Data items

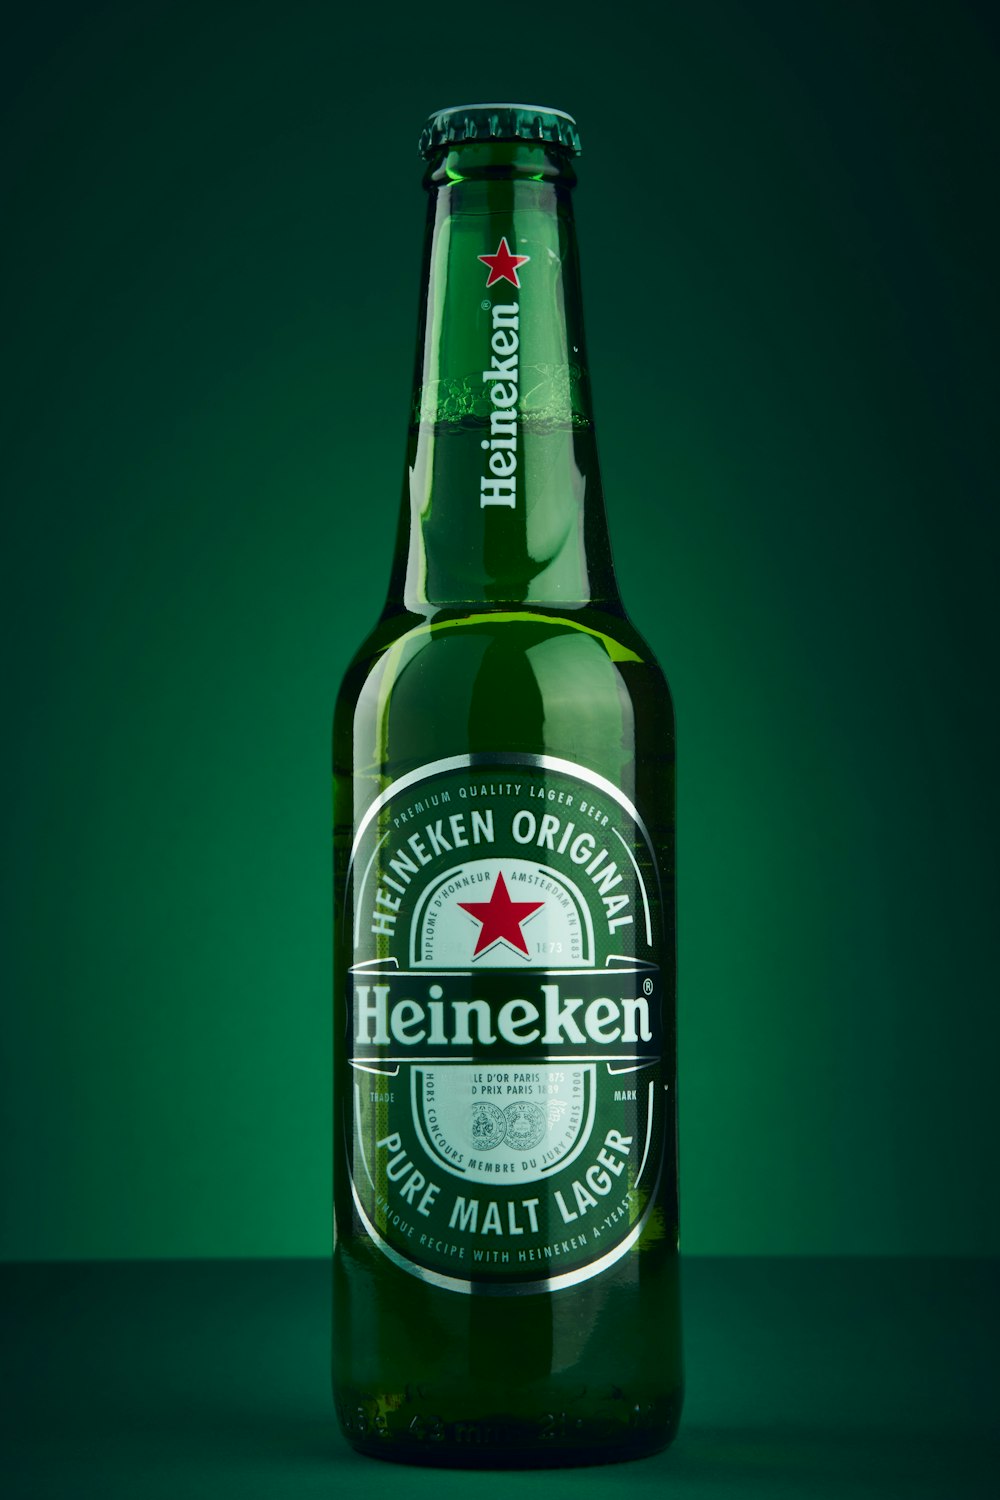 750+ [HQ] Beer Bottle Pictures | Download Free Images & Stock ...
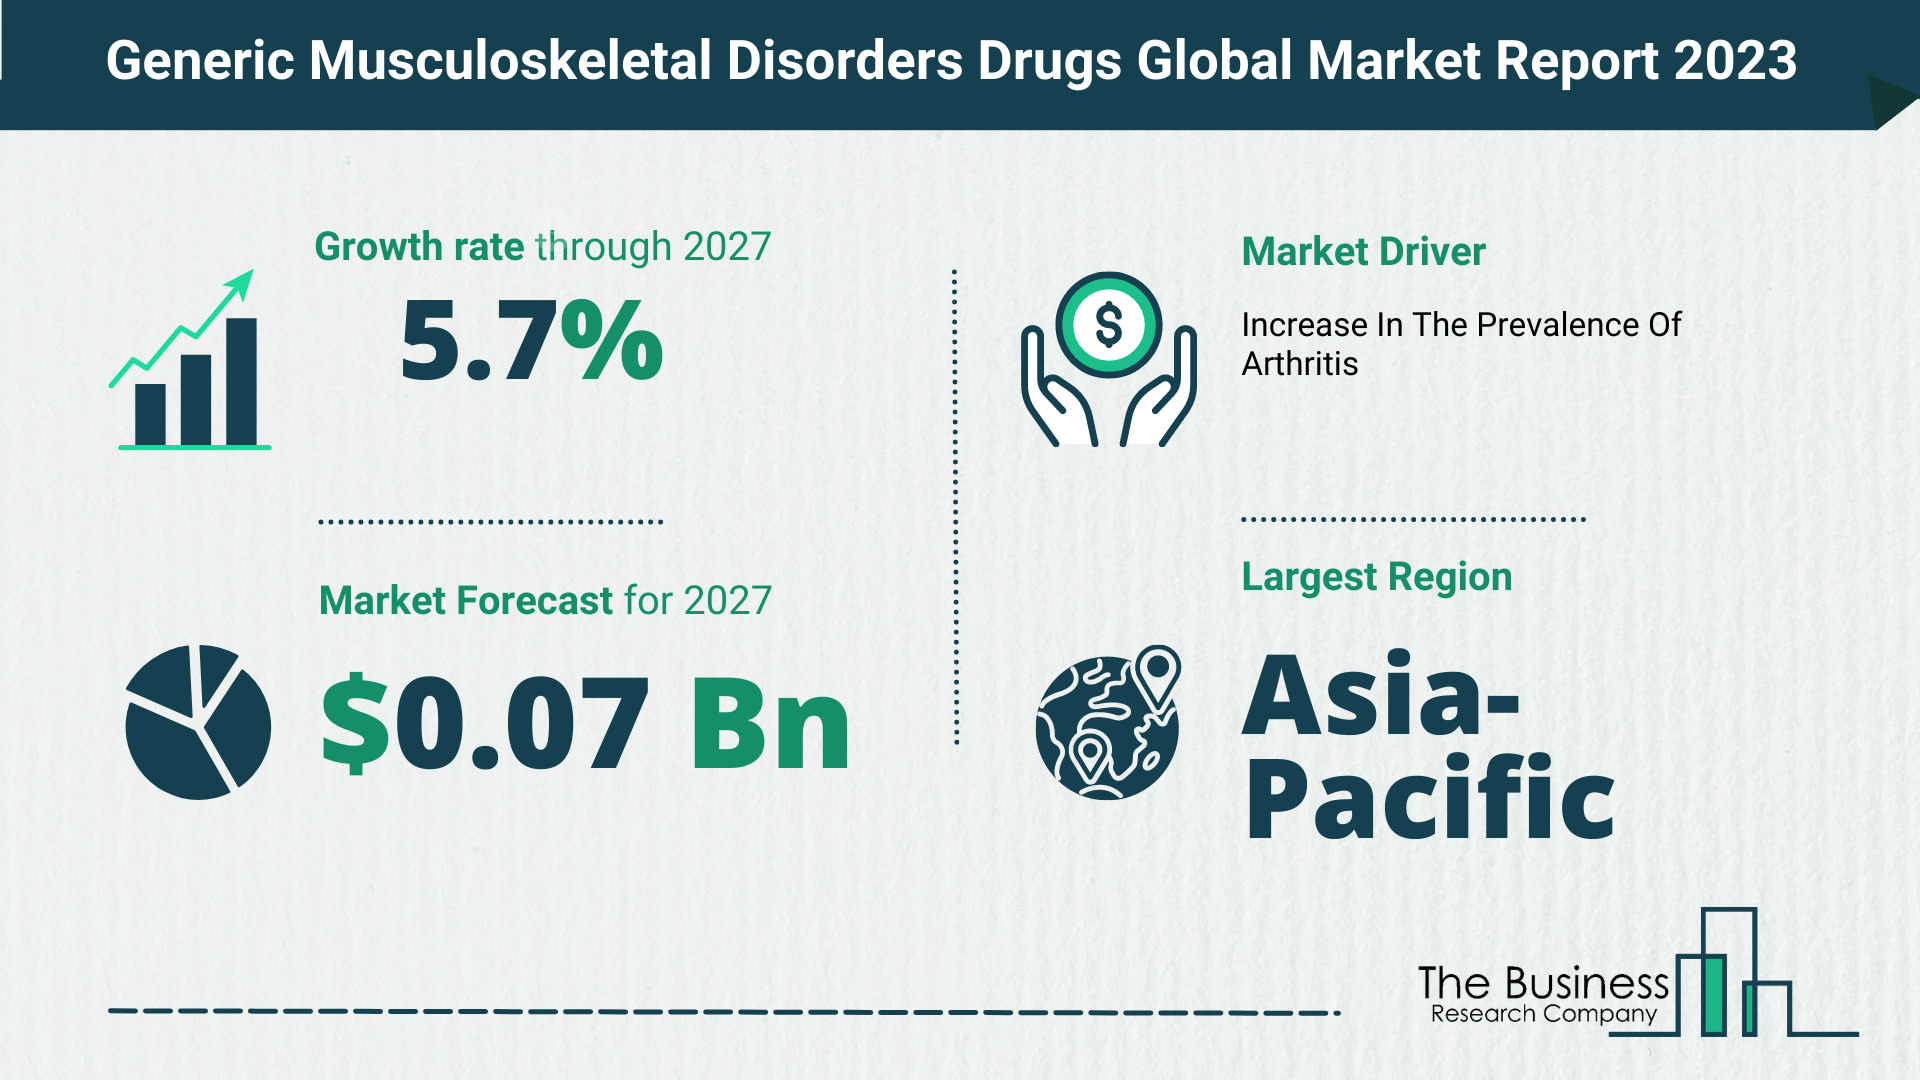 Global Generic Musculoskeletal Disorders Drugs Market Opportunities And Strategies 2023
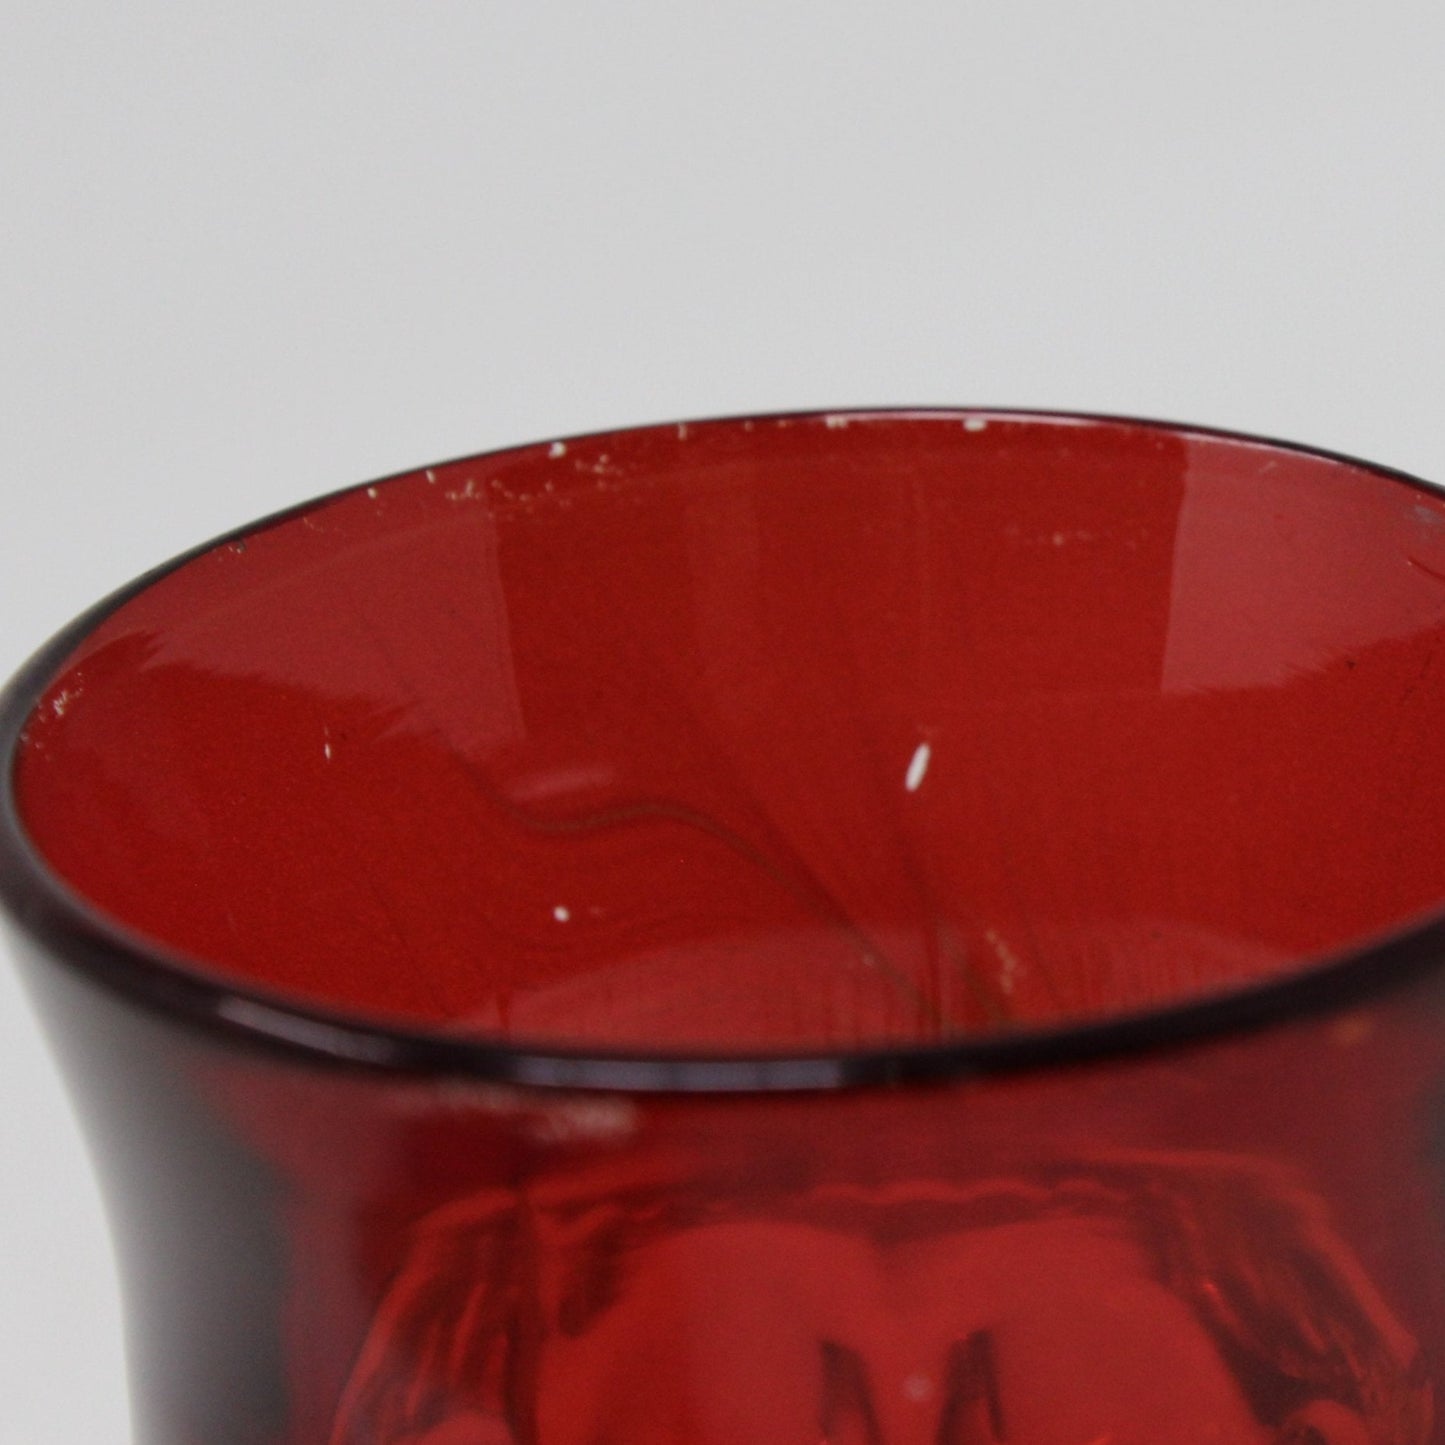 Cordial, Adams Glass, King's Crown (Thumbprint) Ruby-Flashed, Antique
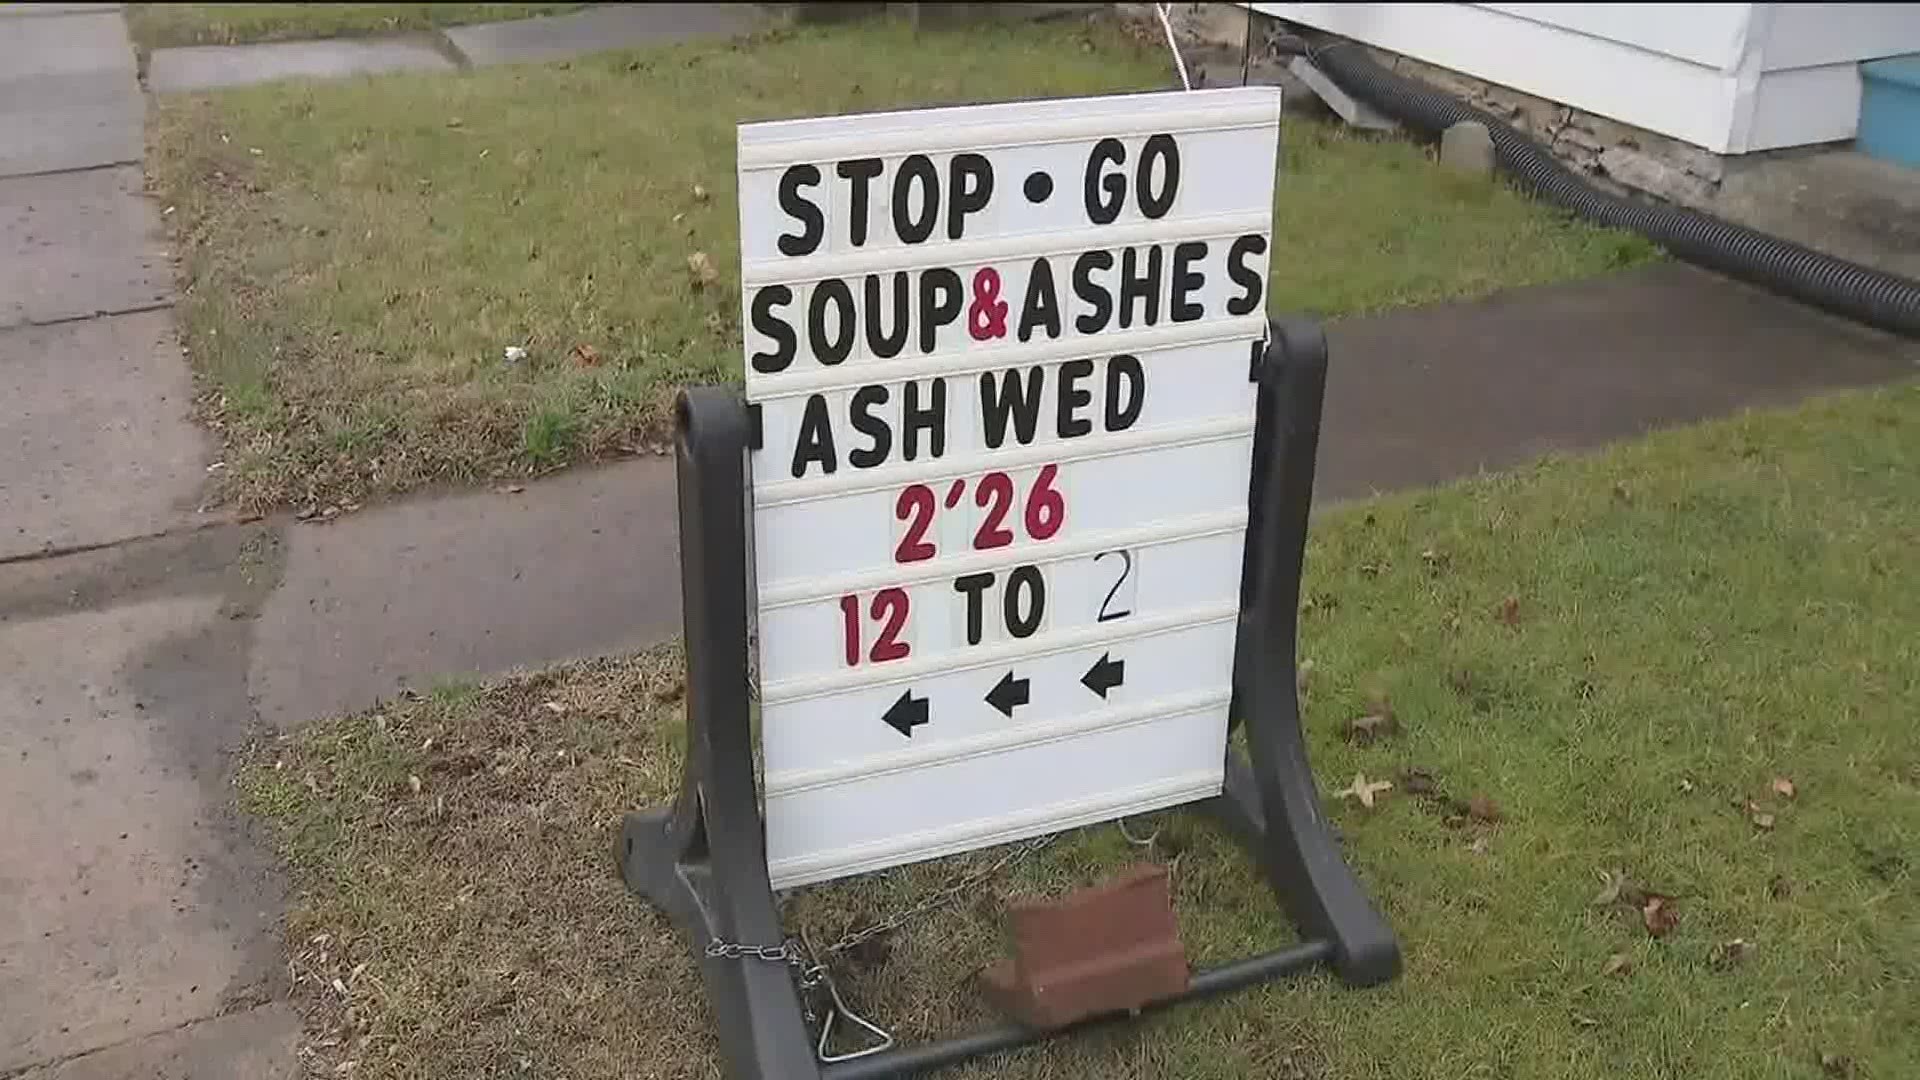 The church in Northumberland County offered stop-and-go soup and ashes.
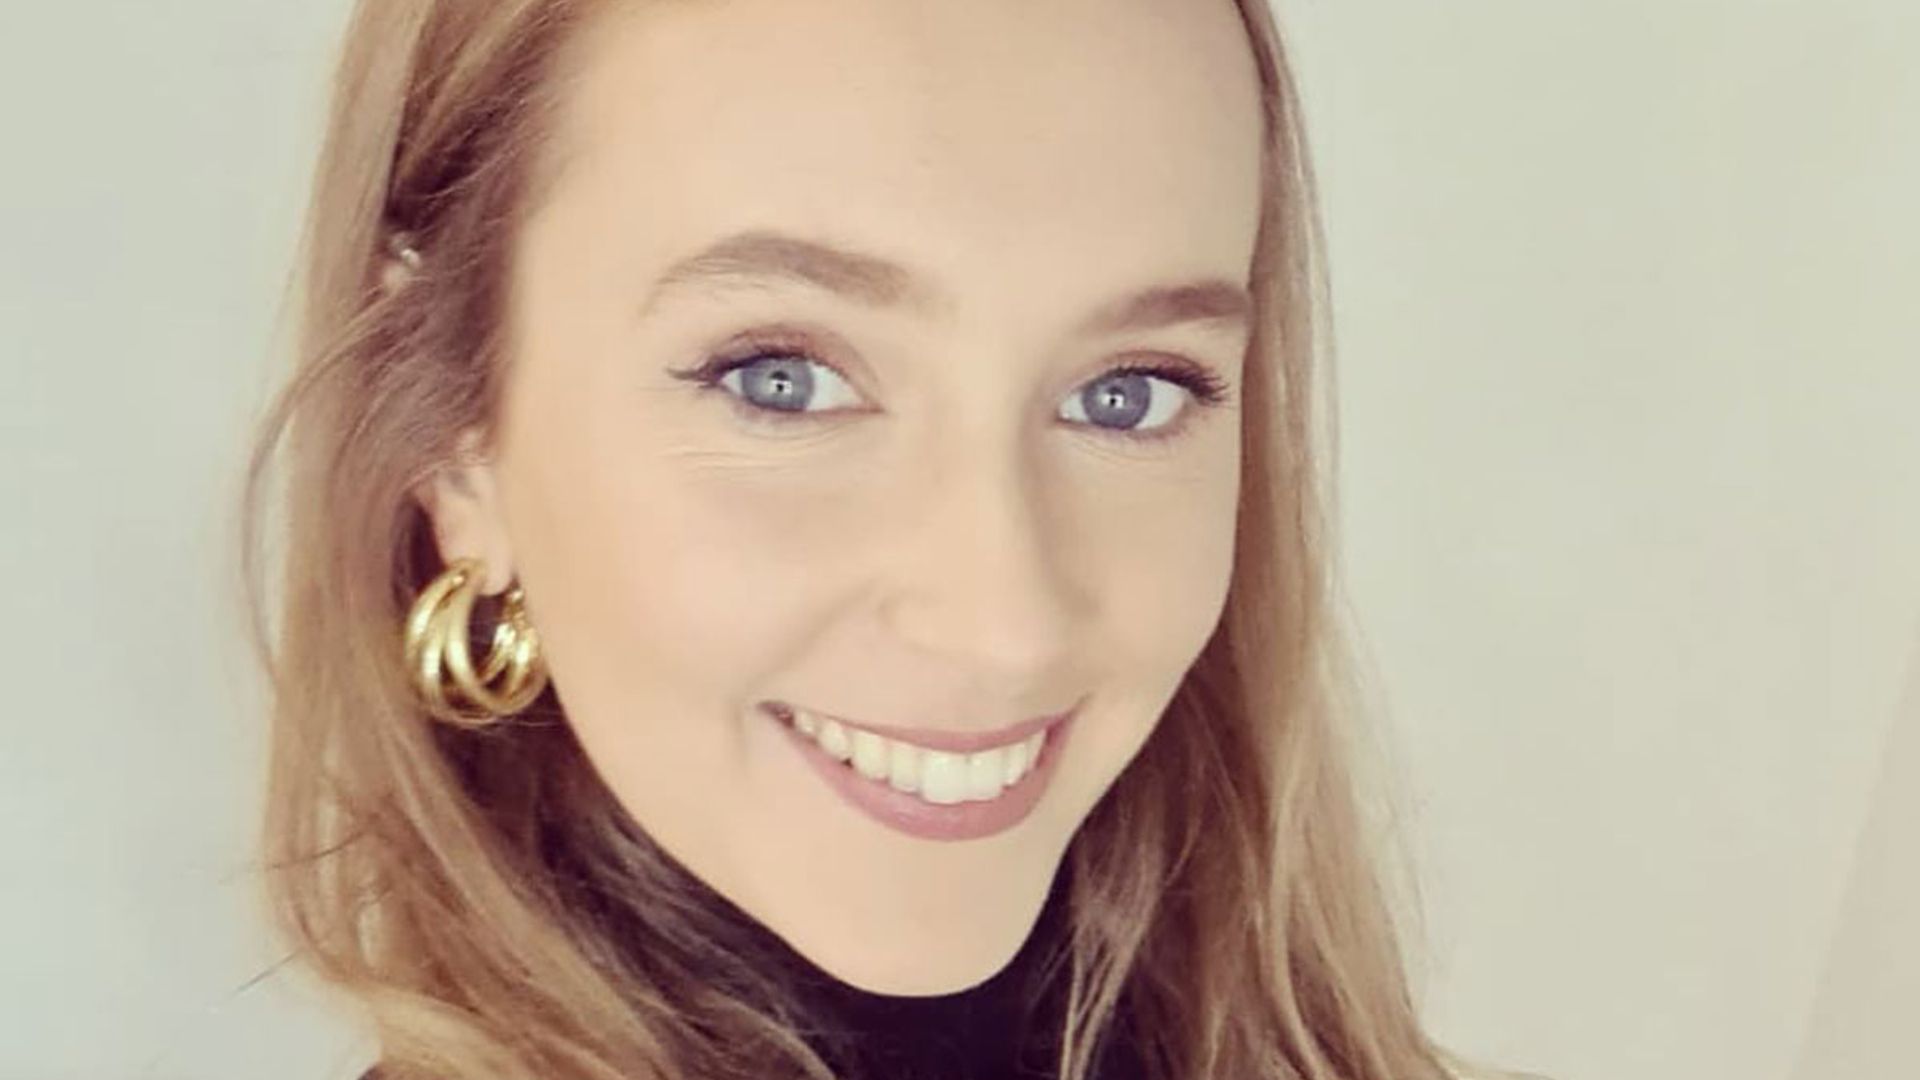 Rose Ayling-Ellis swaps Strictly glamour for low-key look

What to do
Transcribe exactly, and only, the lines from the one containing "Cordial, Adams Glass, King's" through the last line of the records above, both included; leave out the pictures.

Task response
 Cordial, Adams Glass, King's Crown (Thumbprint) Ruby-Flashed, Antique
 The church in Northumberland County offered stop-and-go soup and ashes.
 Rose Ayling-Ellis swaps Strictly glamour for low-key look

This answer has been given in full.